Кольша сидел под сосной и дремал. Бледное лицо его обметал мелкий пот. Увидел, вытянул шею, весь устремился к Варе глазами.
— Ну что-о…
Варя присела на корточки, облизала сухие губы.
— Коленька, твоих тут нет. Что ты, что ты… Живы они, только теперь в леспромхозе. Да нет, не близко. Ужаков говорит, что надо вернуться к Тегульдету… Вот что: посиди здесь, не болтайся попусту — тиф в поселке, понял?! Мешок оставляю тебе — жди!
— А ты, Варя, не боишься, — Кольша испуганно взглянул на молчаливые бараки. — А как подхватишь заразу?
Разом так близок стал Кольша. Варя ласково успокоила:
— Ты видишь — я как сбитая! А потом… Сама явилась сюда за судьбой…
Она набрала в платок побольше сухарей, связала концы узелком.

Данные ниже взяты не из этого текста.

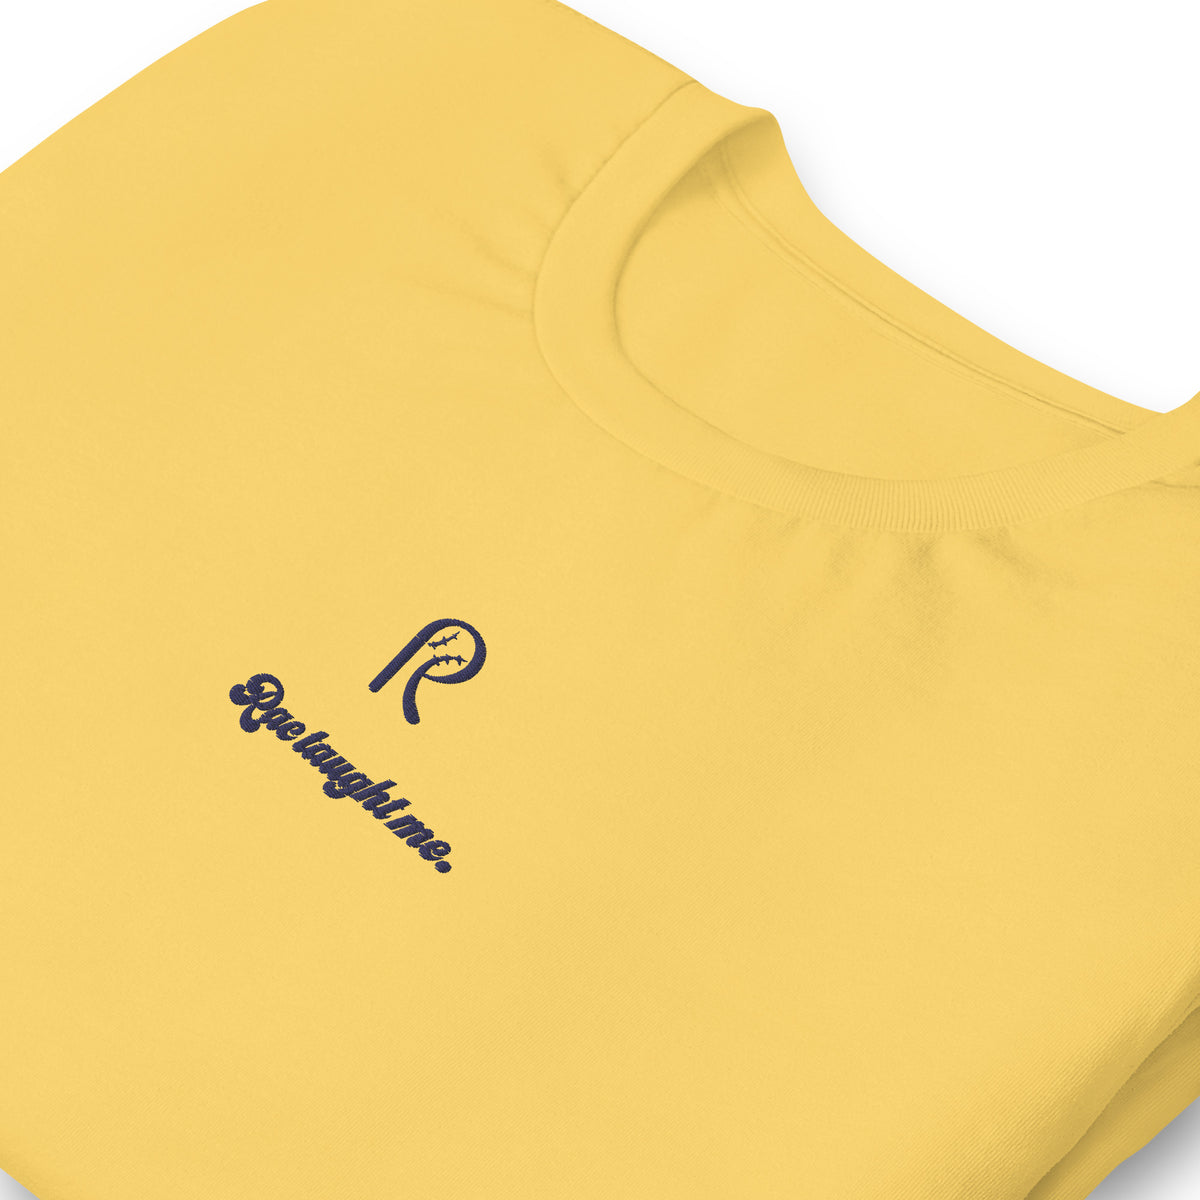 YELLOW Embroidered RAC Taught Me (Premium)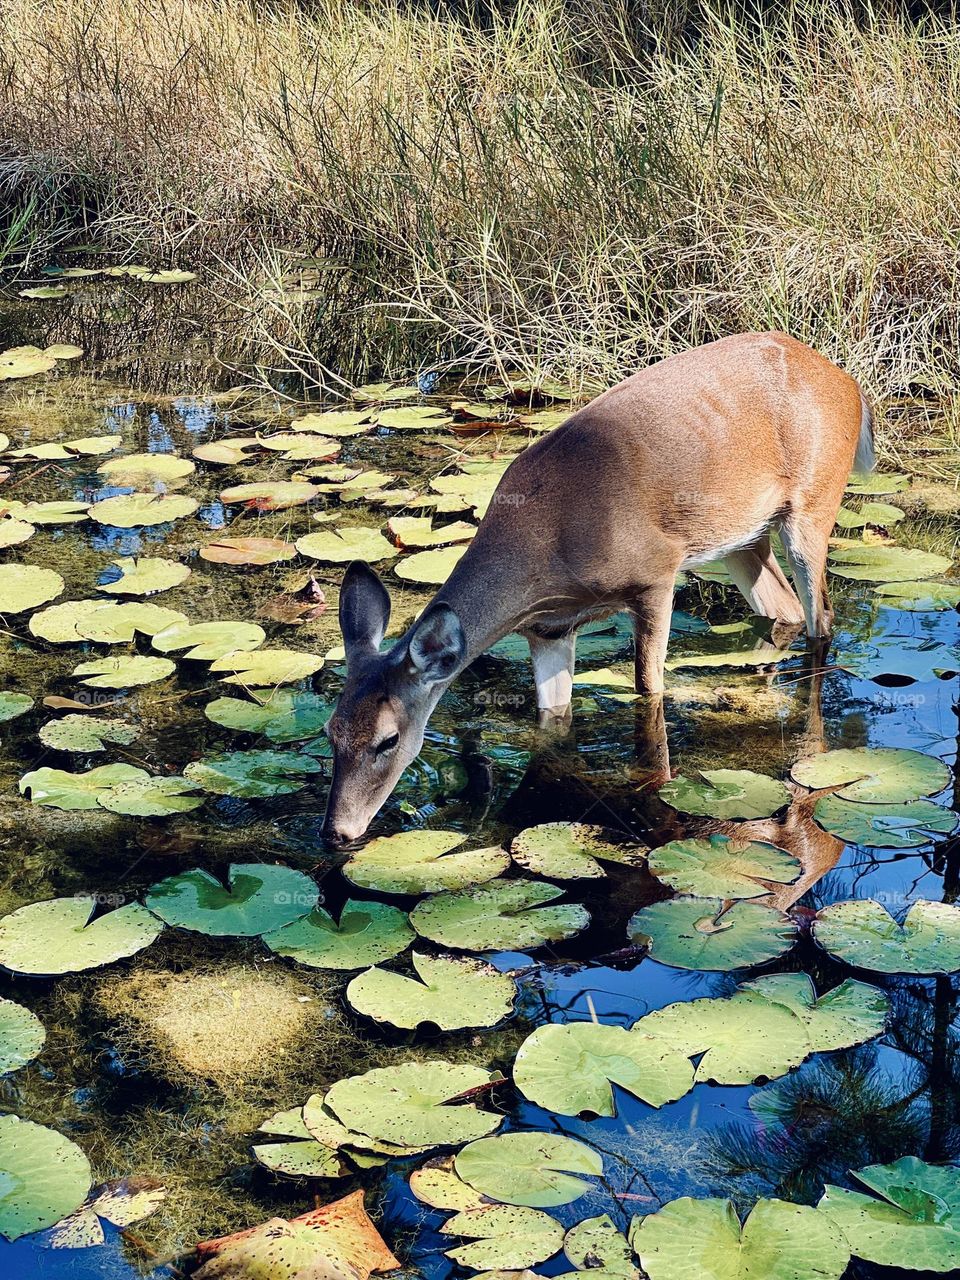 Young female deer leaning down to drink from a pond. She’s standing in the water amid lily pads, in dappled sunlight and shade. Beauty in wildlife, close up.

— Ну, пойду любоваться на барачное житье-бытье! Не переживай, Коленька!
Она опять оглядела поселок.
Улицы в нем не было, бараки ставились почему-то вразброску. У всех высокие земляные завалины, забранные легкими бревнышками, что держались в пазах высоких стояков. Кое-где виднелись обрушенные, уже затравеневшие землянки, кто-то начально жил в них. Еще стояло между бараков и поодаль до десятка избушек, в окошке одной из них виднелась даже белая занавеска.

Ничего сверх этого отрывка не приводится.